Few would have guessed that a $500 billion federal spending commitment would be considered so trivial it could be put off for almost two years. Yet, that’s where we stand in 2009.
With unemployment nearing 10 percent and the federal deficit officially hitting $1 trillion, the Obama administration has decided it has more important priorities than the transportation reauthorization bill in its extreme makeover of the federal government. The administration, via Transportation Secretary Ray LaHood, has suggested delaying the six-year highway bill for 18 months while other priorities are dealt with, and the Senate leadership agrees with the White House’s priorities.
In terms of mobility and the nuts-and-bolts of transportation policy, a delay is probably the best idea. Rep. James Oberstar (D-MN) and Rep. John Mica (R-FL) recently put forth their plan for a $450 to $500 billion transportation bill, but omitted one very important part: how to pay for it.
Given that failure, the Obama administration has decided it is better to patch up a $20 billion hole in the Highway Trust Fund and craft the long-term highway bill down the road than it is talking about raising the gas tax to pay for Oberstar’s grand plans.
Unfortunately, congressmen failing to offer a revenue stream for their grand spending plans and presidents looking for short-term transportation fixes aren’t unusual. Our political leaders have notoriously underestimated the importance of mobility and transportation investments to the nation’s economic competitiveness. Most presidents since the 1950s have left the task of managing national transportation priorities to Congress and their appointed secretaries of the U.S. Department of Transportation. And the results have been dismal.
Traffic congestion has climbed steadily for more than 30 years. The Texas Transportation Institute recently reported that traffic delays went down slightly in 2007, but that was due to high gas prices and a weak economy, not improved infrastructure. Delays will pick up again when the economy grows.
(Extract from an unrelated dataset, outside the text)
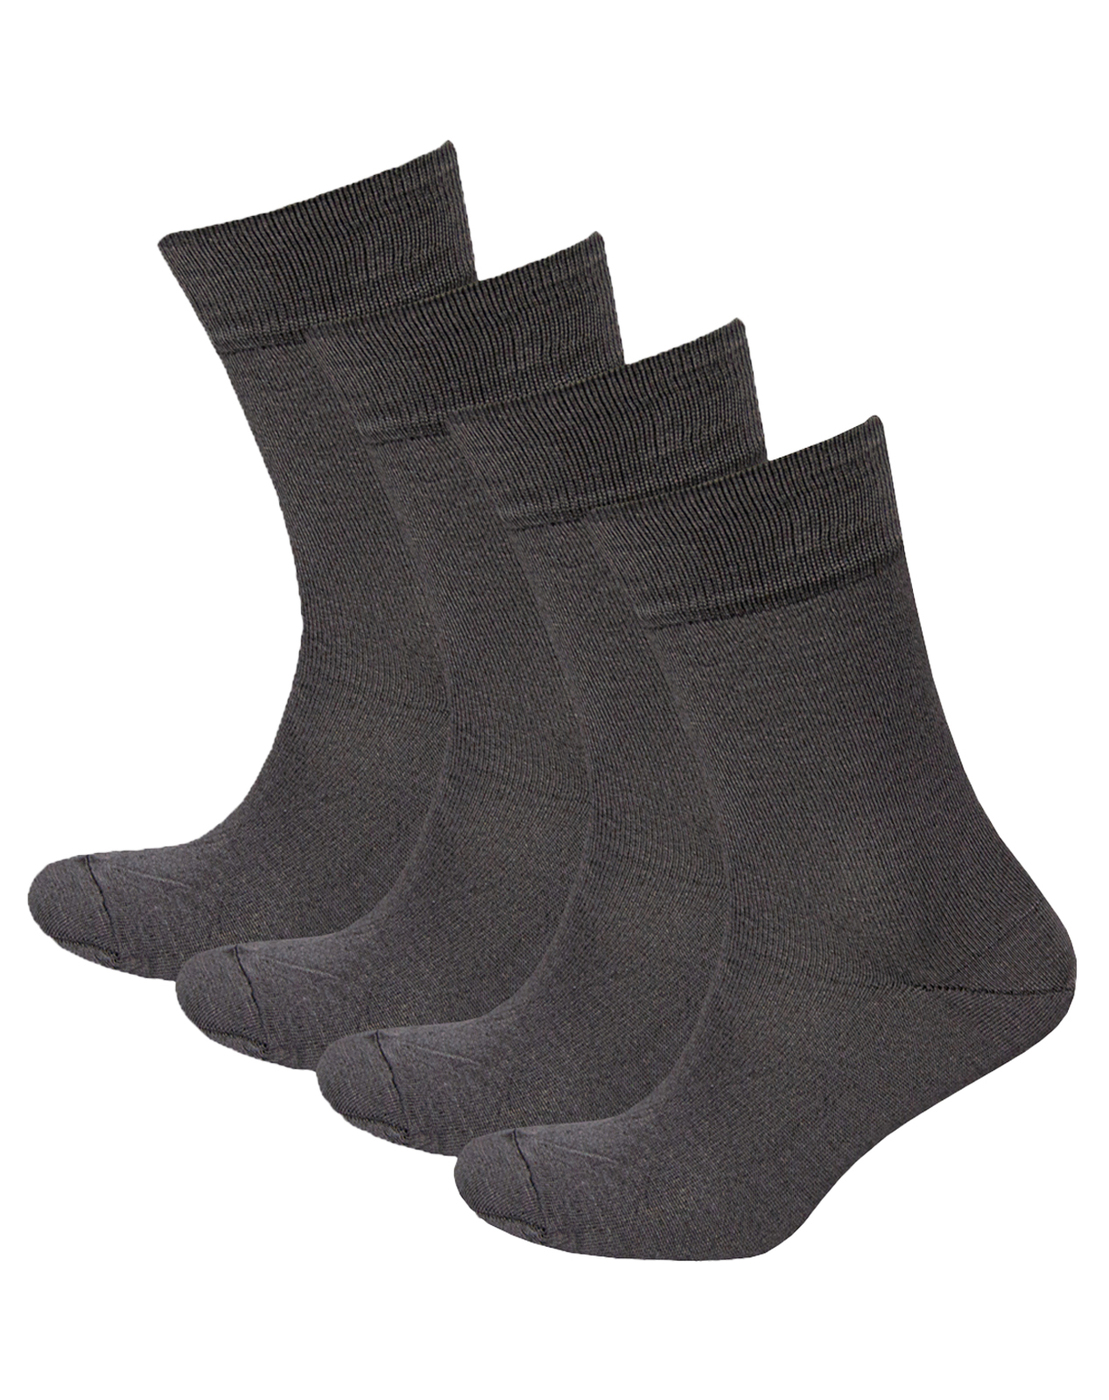 Комплект носков мужских Status Классические из хлопка серых 31, 4 пары

As it is, travelers in 30 of the nation’s 43 largest urbanized areas waste an entire work week stuck in severe traffic jams each year. Business spending on logistics-getting goods and services from point A to point B-has increased by $413 billion since 2004 in part because of the inefficiencies embedded in our failing transportation system. Traffic congestion’s annual monetary cost to the nation’s economy may exceed $150 billion, and this estimate fails to include the negative impacts on our quality of life from the added stress to commutes, missed dinners and soccer games, and overall narrowing of our world as travel beyond the neighborhood becomes increasingly difficult and expensive.
Given the widespread economic and social costs caused by this gridlock, why is the Obama administration putting transportation policy on the backburner? Quite simply, transportation policy has been deemed less important than the economic stimulus, bankrolling failing companies such as General Motors and AIG, climate change legislation, ramping up federal control over the nation’s health car system, and multiple other issues.
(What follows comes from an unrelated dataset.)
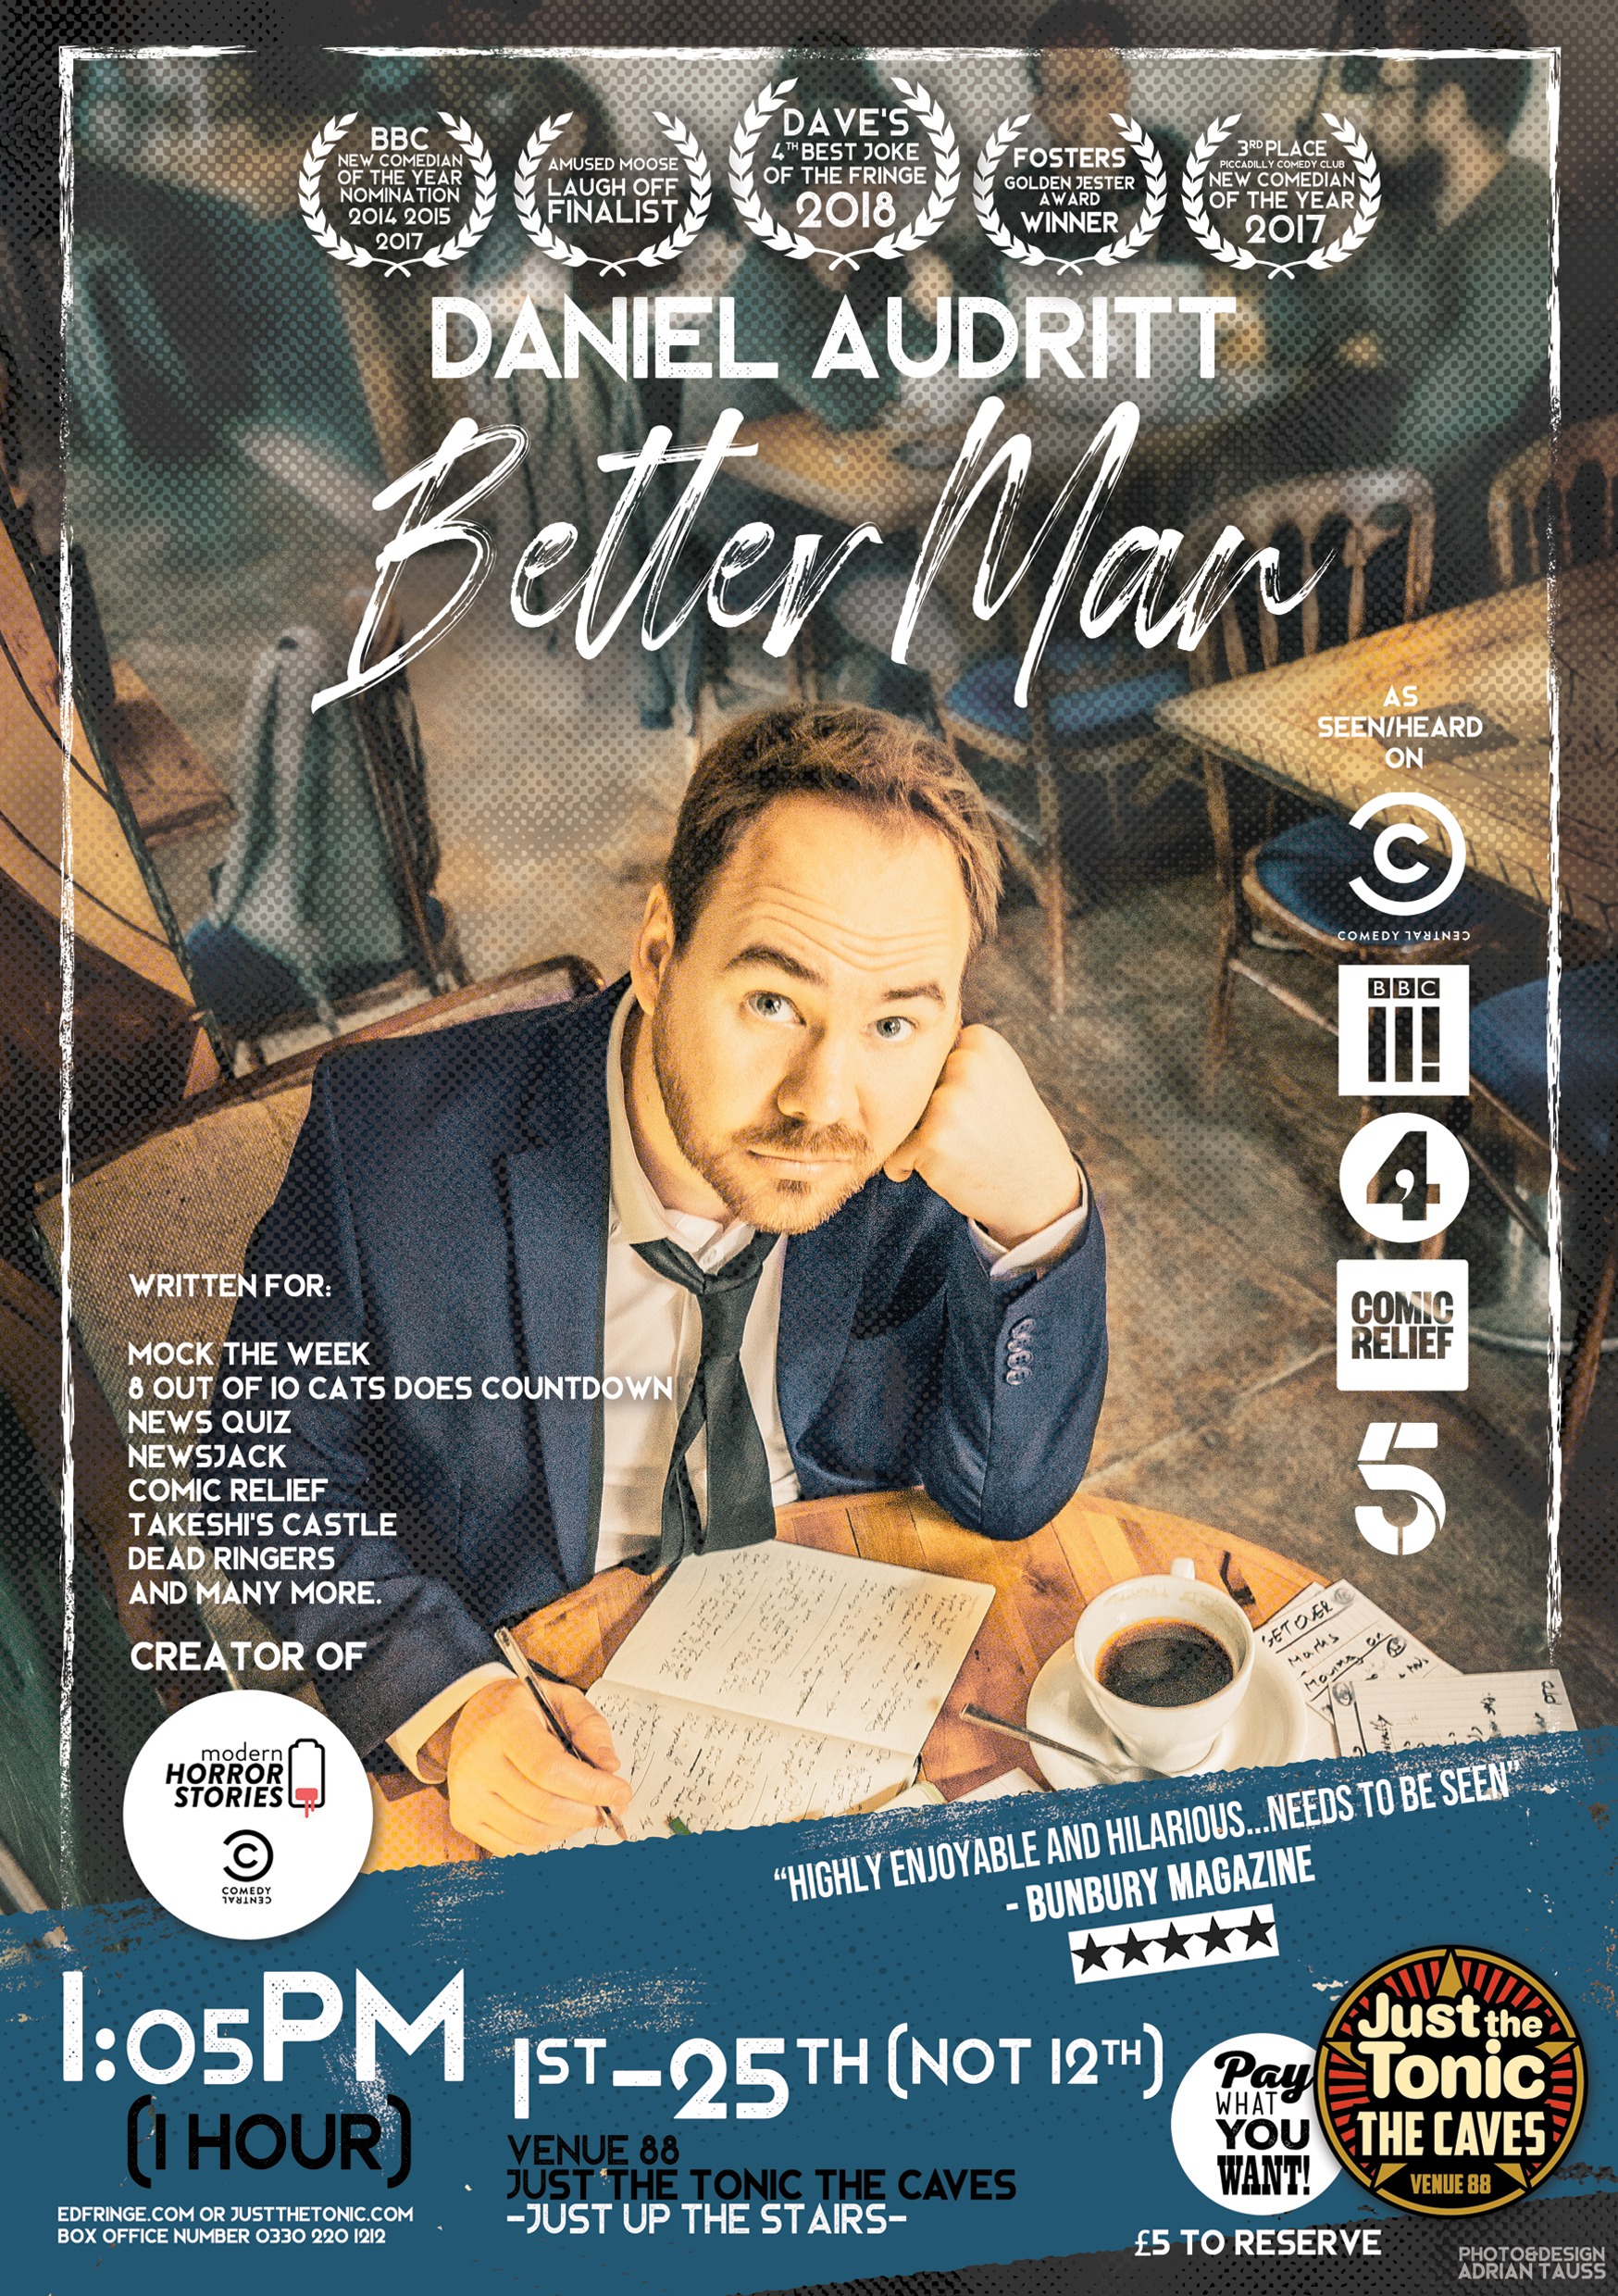 The poster for Daniel Audritt: Better Man

The only substantive transportation policy initiative endorsed by the Obama administration thus far has been the $13 billion in new federal commitments for high-speed rail. Unfortunately, this is likely to be a boondoggle that ends up serving two percent of the traveling public along a few highly traveled corridors in the Northeast and West Coast. It isn’t going to jumpstart the economy, nor will it reduce traffic congestion.
While the Obama administration’s neglect of strategic policymaking has left transportation policy in disarray, a silver lining may be emerging from the haze. A delay in considering major new transportation legislation might finally provide the full public discussion on the future of federal transportation policy that it deserves.
National transportation policy needs to be re-thought. Key issues that need to be elevated into this national discussion include:
- Keeping federal spending and oversight focused on transportation investments and decisions of national significance;
- Prioritizing infrastructure investments on mobility to ensure that access to jobs, services, and goods are the focus of the U.S. Department of Transportation;
- Shifting federal funding toward highway and transit user fees and away from gas taxes to create a more customer-directed and sustainable funding mechanism for transportation projects;
- Expanding the innovative financing tools and public-private partnerships available to state and local governments so they can tap into private funding sources to supplement public transportation spending;
- Giving state governments more discretion over what projects deserve the highest priority in meeting their transportation goals and objectives.
Thus far, the Obama administration’s approach to transportation policy has been embarrassingly naïve, viewing projects as job creators rather than essential building blocks for a globally competitive economy. But the Oberstar-Mica transportation bill isn’t real reform or good transportation policy either and it should be shelved.
Ultimately, the solutions to local traffic congestion and rising transportation costs will not be found in Congress or the White House. It’s time to give the states the real power and authority to meet their challenges head-on, while the D.C. establishment plays a supporting role as facilitator rather than the heavy-handed central planner.
Sam Staley, Ph.D., is director of urban growth and land use policy for Reason Foundation and co-author of Mobility First: A New Vision for Transportation in a Globally Competitive 21st Century (Rowman & Littlefield).